A mixture of iron powders with copper weighing 12 g was treated with a sulfate acid solution.

A mixture of iron powders with copper weighing 12 g was treated with a sulfate acid solution. Gas was released with a volume of 4.48 liters.
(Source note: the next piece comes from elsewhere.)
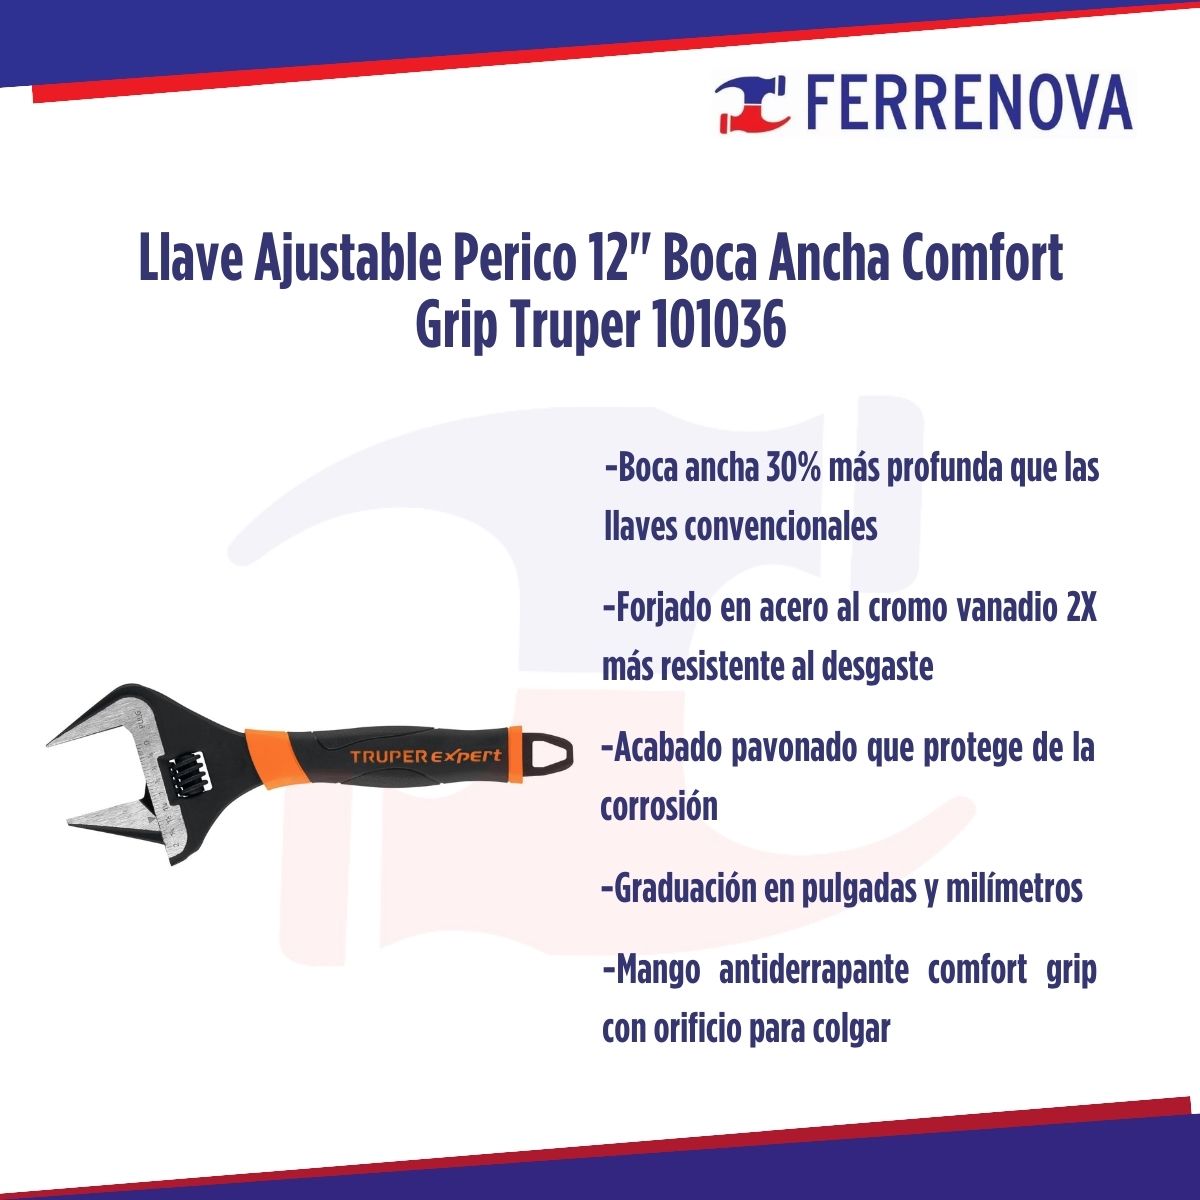 Llave Ajustable Perico 12" Boca Ancha Comfort Grip Truper 101036

What are the masses and quantities of iron and copper substances in the initial mixture?

Given:
m (mixture) = 12 g
V (gas) = 4.48 l

To find:
m (Cu) -?
m (Fe) -?
n (Cu) -?
n (Fe) -?

1) Cu + H2SO4 – the reaction will not proceed;
Fe + H2SO4 => FeSO4 + H2 ↑;
2) n (H2) = V (H2) / Vm = 4.48 / 22.4 = 0.2 mol;
3) n (Fe) = n (H2) = 0.2 mol;
4) m (Fe) = n (Fe) * M (Fe) = 0.2 * 56 = 11.2 g;
5) m (Cu) = m (mixture) – m (Fe) = 12 – 11.2 = 0.8 g;
6) n (Cu) = m (Cu) / M (Cu) = 0.8 / 64 = 0.0125 mol.

Answer: The mass of Fe is 11.2 g; Cu – 0.8 g; the amount of Fe substance is 0.2 mol; Cu – 0.0125 mol.